Diop s’approprie cette représentation pour la rendre plus complexe : alors que la violence exprimée par Alfa en tuant ses ennemis suit cette logique, on se rend compte qu’elle provoque une grande détresse et en est le résultat. De plus, Diop inverse également cette vision quand il se demande qui est humain et qui est inhumain : Alfa affirme que son capitaine, Armand, est plus barbare que lui.
Diop parvient ainsi à remettre en question les représentations des soldats noirs, dictées par les stéréotypes coloniaux – pour mieux les démolir.
Pourquoi cette distinction Booker importe-t-elle ?
Le fait que Diop reçoive l’International Booker Prize est particulièrement important, car “At Night All Blood is Black” dépeint une histoire typiquement française, liée aux entreprises coloniales de ce pays. Et même si le roman se concentre sur la France, il met en relation d’autres histoires, car il souligne indirectement le fait que d’autres puissances coloniales européennes ont également eu recours à des troupes coloniales pendant les guerres et ont effacé le rôle qu’elles ont joué dans leurs commémorations ultérieures.

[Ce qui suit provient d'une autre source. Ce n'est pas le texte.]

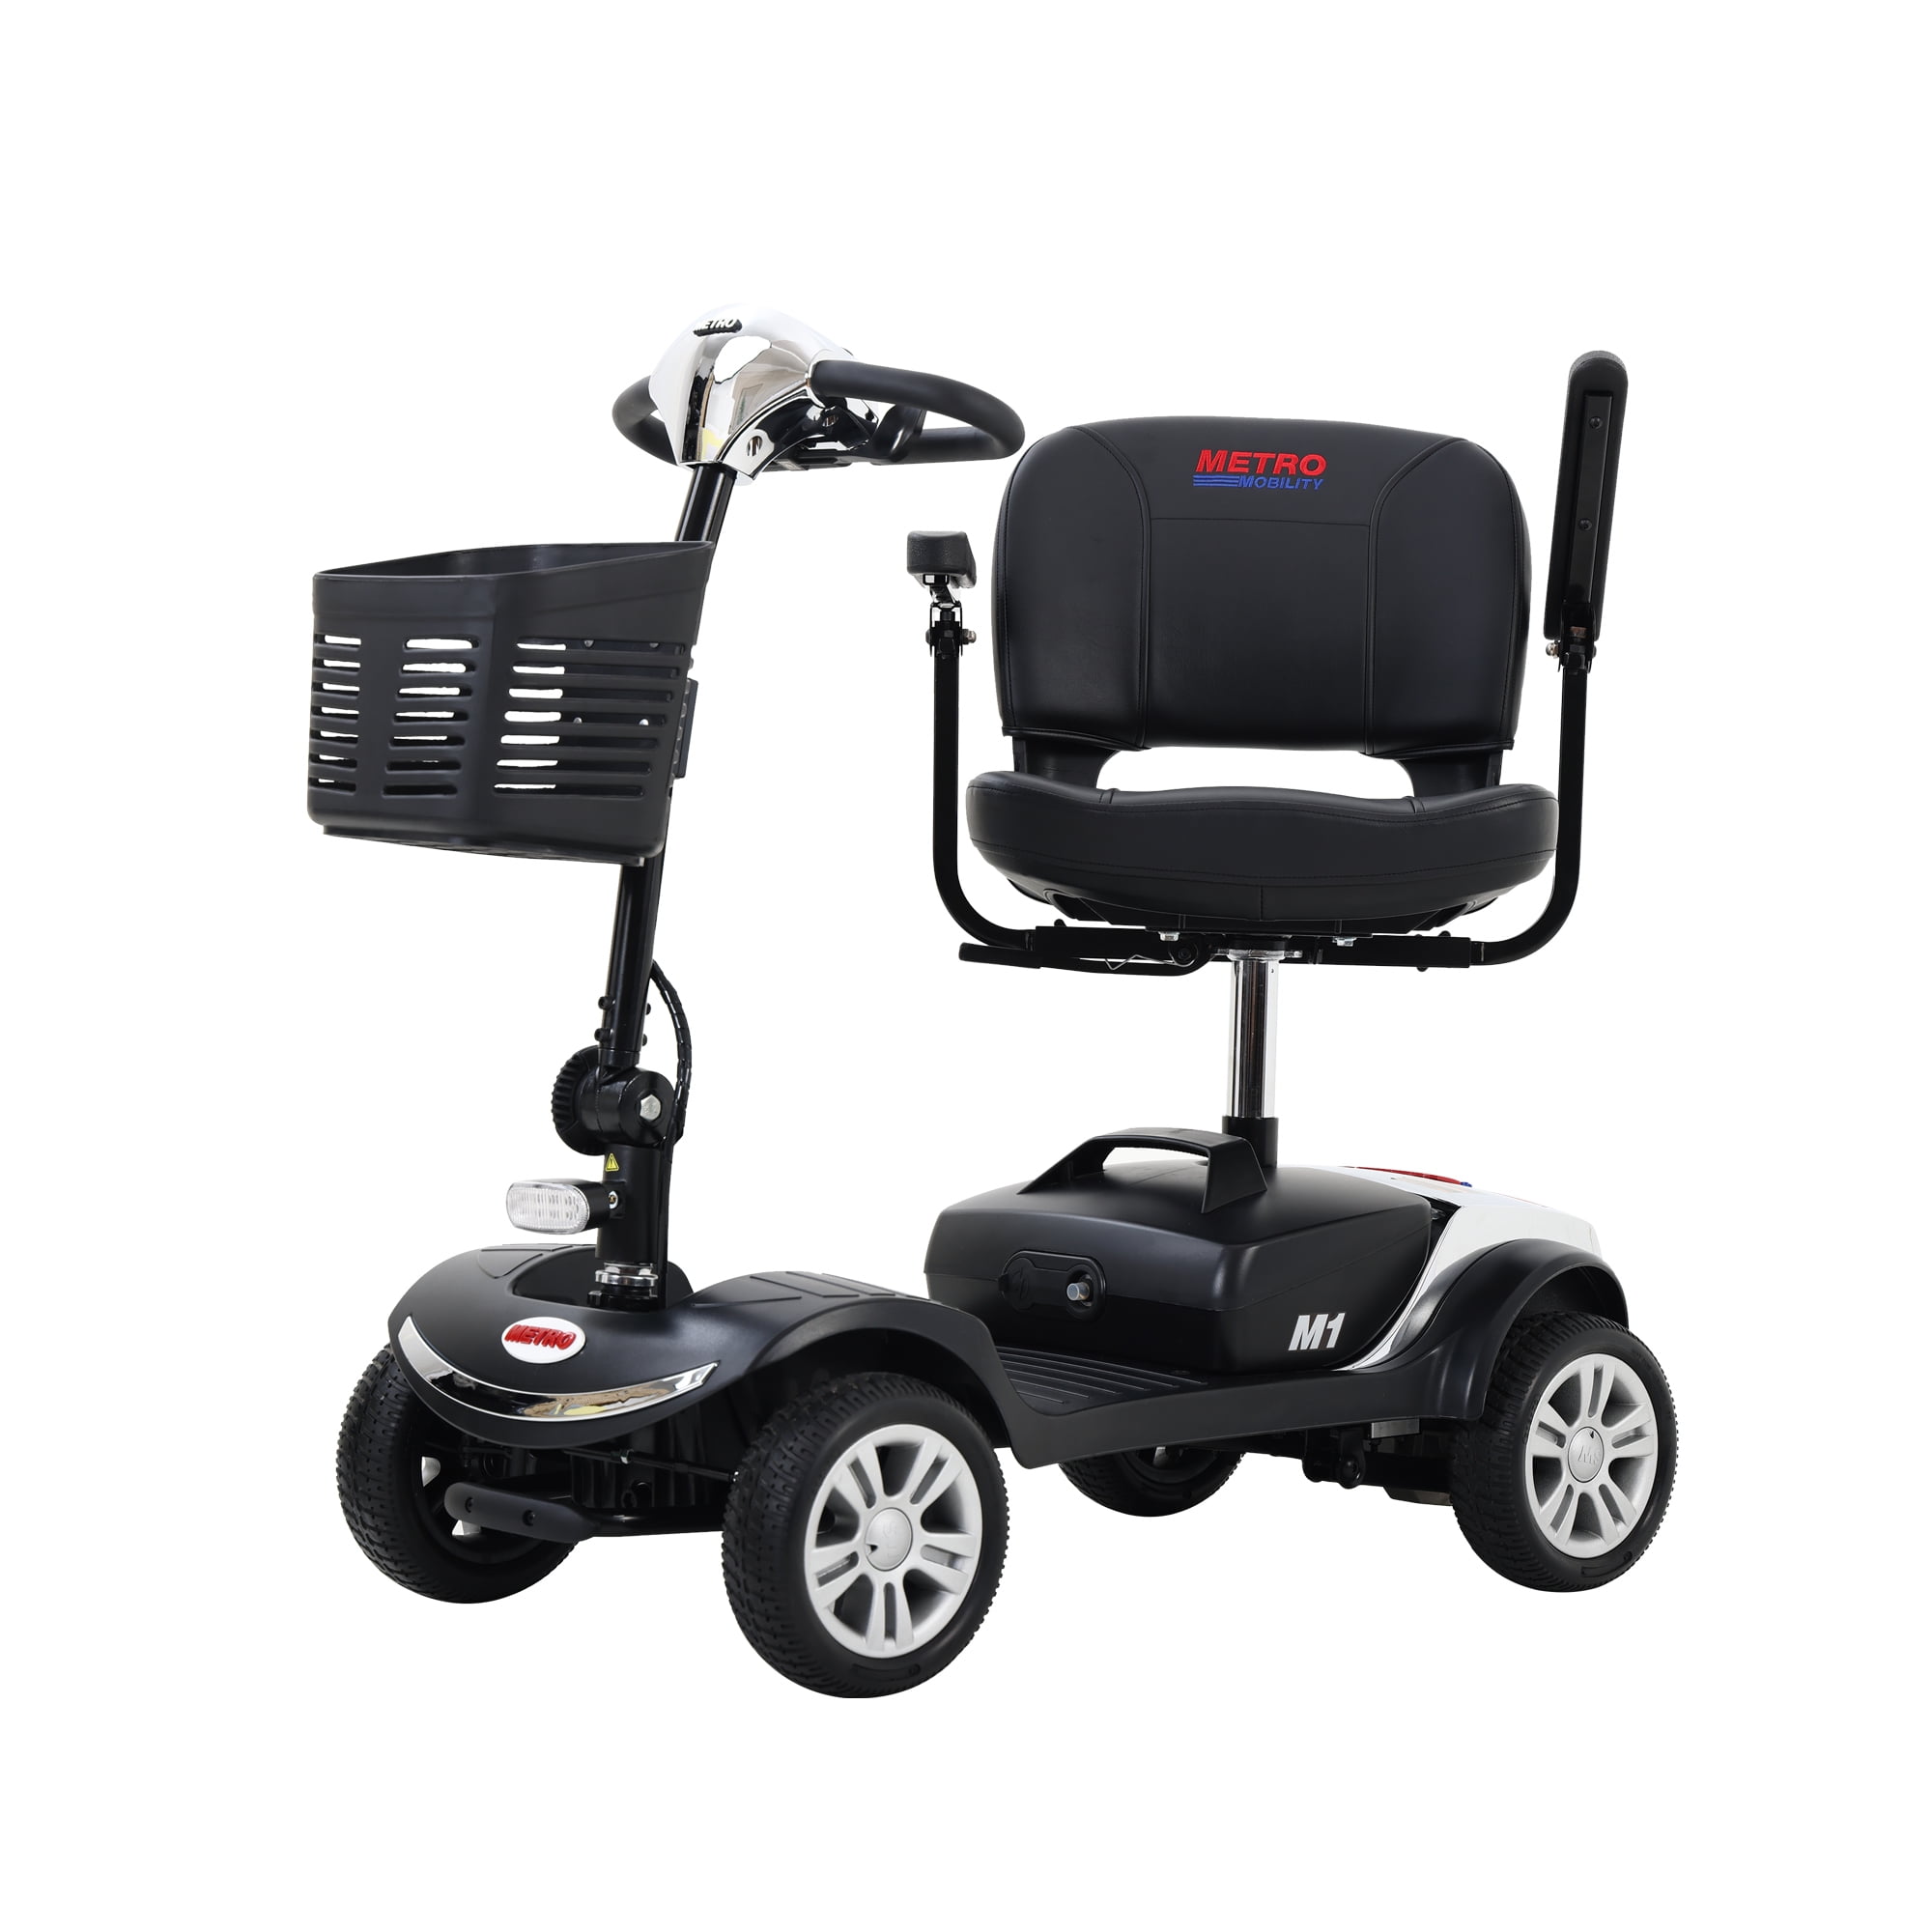 SEGMART Outdoor Mobility Scooters for Senior, 4 Wheel Mobility Scooter with Front & Rear LED Light, Motorized Electric Medical Carts for Adults, 10 Miles, 265lbs, Chrome, SS1796

Ce roman montre également l’importance et le pouvoir de la traduction, car Anna Moschovakis a réussi à traduire toute la beauté et l’horreur de la prose de Diop. De la même manière que Diop parvient à combiner son double héritage dans son texte, Moschovakis a permis aux lecteurs anglais de découvrir une histoire spécifique à la France, et pourtant similaire à d’autres histoires.